OFCAF Program: The On-Farm Climate Action Fund (OFCAF) is not a carbon credit program but an incentive program that can help de-risk and reduce the cost of trying emissions-reducing practices. Delivered by the Ontario Soil and Crop Improvement Association (OSCIA), OFCAF is a key cost-share program helping farmers adopt BMPs like nitrogen management, cover cropping, and rotational grazing. Eligible farms can get funding (e.g., 65 per cent cost-share up to certain caps) to implement these practices. Check OSCIA’s website for current intake periods and program details.

Agricultural Clean Technology Program: another federal program that offers funding for adopting cleaner technologies, which might include equipment relevant to carbon-reducing practices.

GETTING STARTED: NEXT STEPS

The world of carbon credits is complex and evolving. If you are looking to participate, here are some ways to conduct due diligence:

Learn more: research the available federal programs and voluntary market options. Stay updated through resources like OSCIA, OFA, and agricultural publications, including the Ontario Grain Farmer Magazine.

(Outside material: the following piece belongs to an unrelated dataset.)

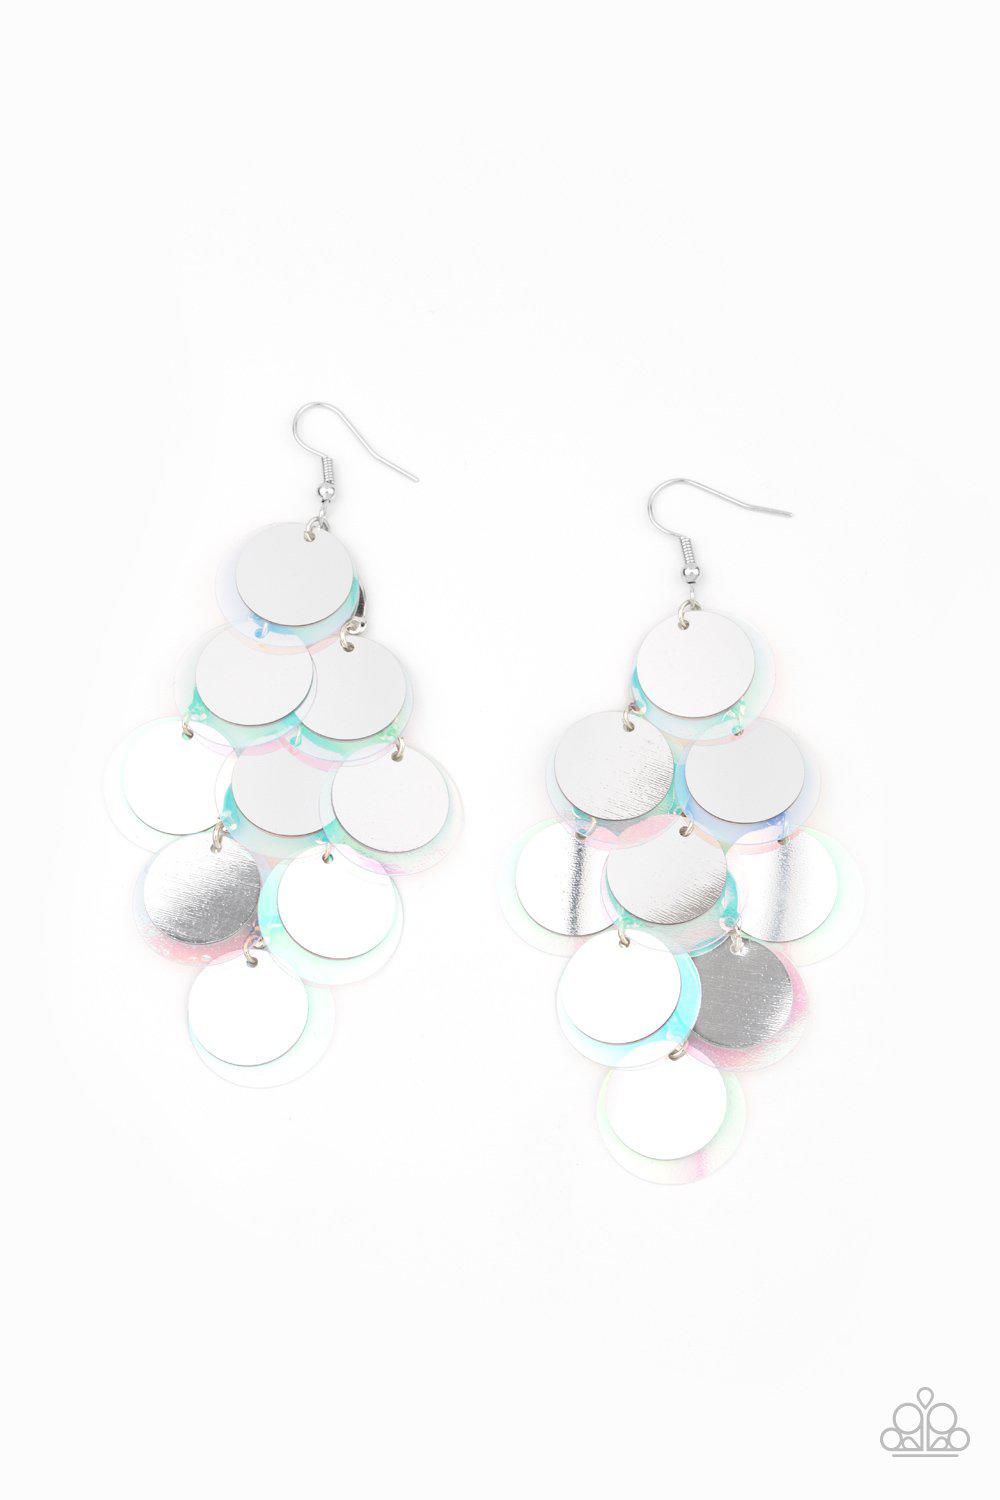 Sequin Seeker Silver and Iridescent Sequin Cascading Earrings - Paparazzi Accessories- lightbox - CarasShop.com - $5 Jewelry by Cara Jewels

Assess your practices: evaluate which new, eligible practices might fit your operation and long-term goals.

Consider OFCAF: explore the On-Farm Climate Action Fund as a way to get cost-share support for adopting beneficial practices like cover cropping and nitrogen management.

Before signing any contracts: read the contract and supplemental information thoroughly, noting any sustainability-related requirements. Talk to advisors about potential opportunities and risks with trusted farm advisors, agronomists, and potentially, legal counsel. While not legal advice, Grain Farmers of Ontario’s Grains Contracts Guide provides some foundational insights on contracts.

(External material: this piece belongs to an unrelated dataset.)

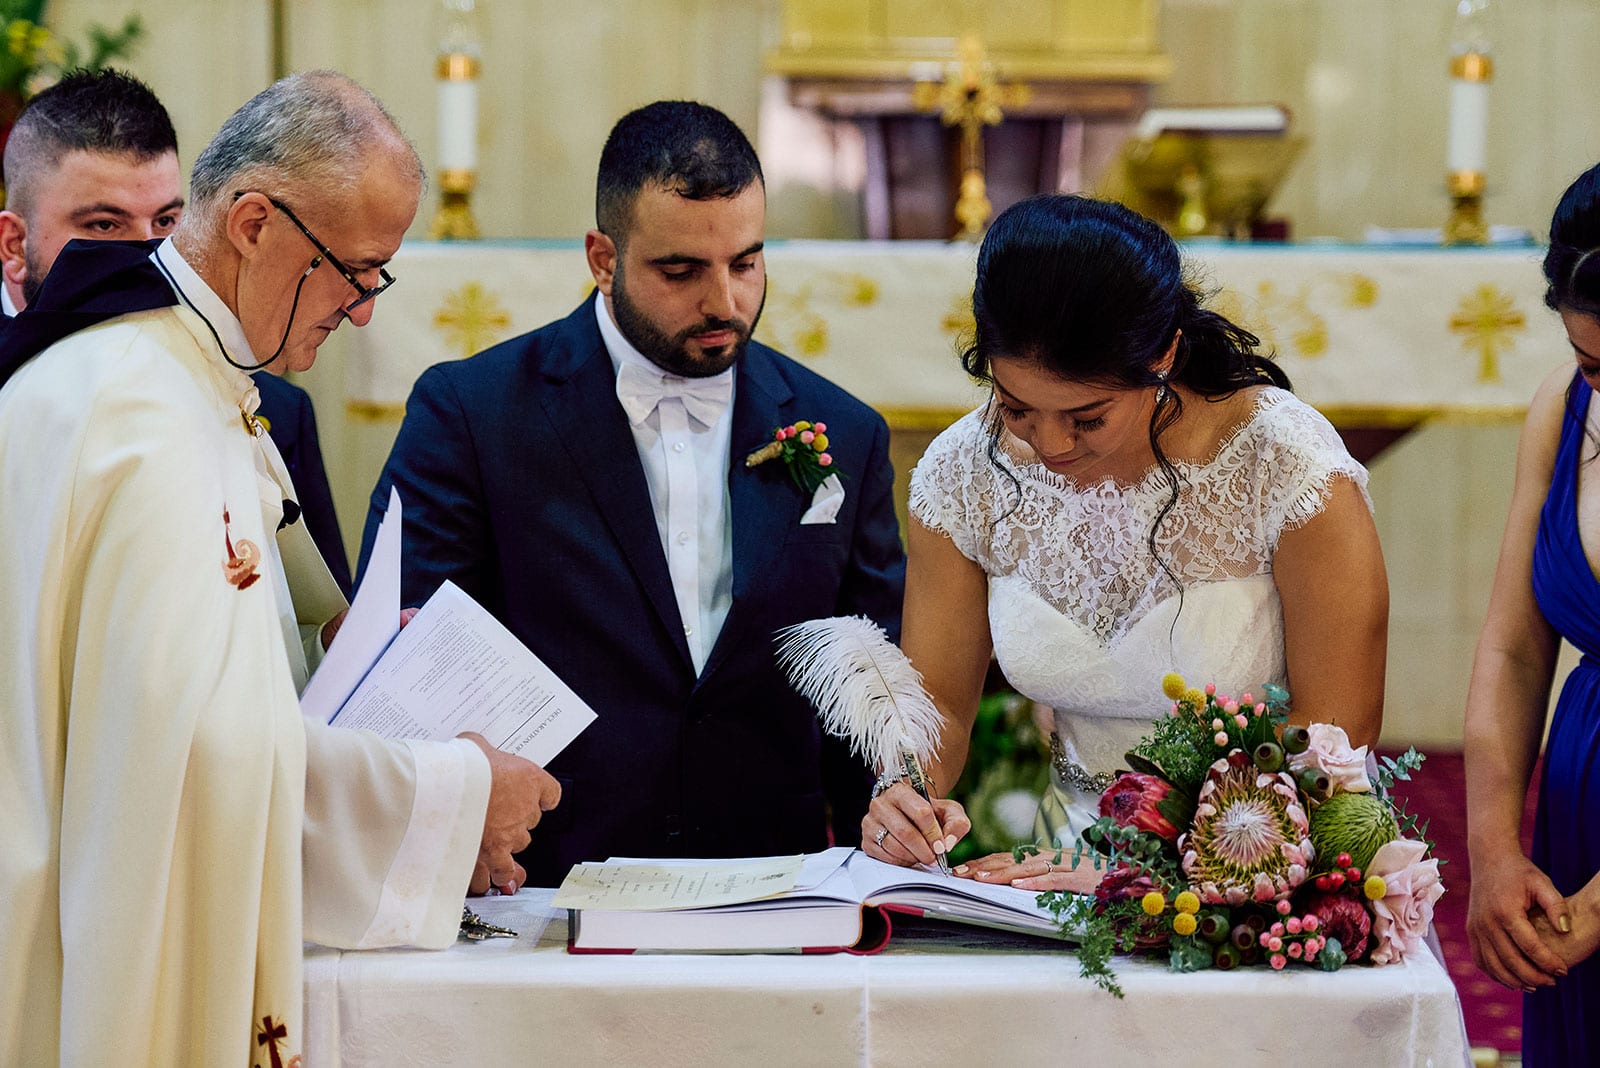 Signing the register at St Charbel

Ask questions: if you are considering working with an aggregator or program, ask detailed questions about additionality, permanence, measurement, verification, data ownership, contract terms, and payment structure.

Carbon markets may offer future opportunities for Ontario grain farmers, but careful evaluation and understanding of the commitments involved are essential. Focusing on practices that build soil health and resilience, potentially with support from programs like OFCAF, is a solid foundation regardless of direct participation in carbon markets today.

Ibrahim Mohammed, PhD, is Grain Farmers of Ontario’s sustainability and environment specialist.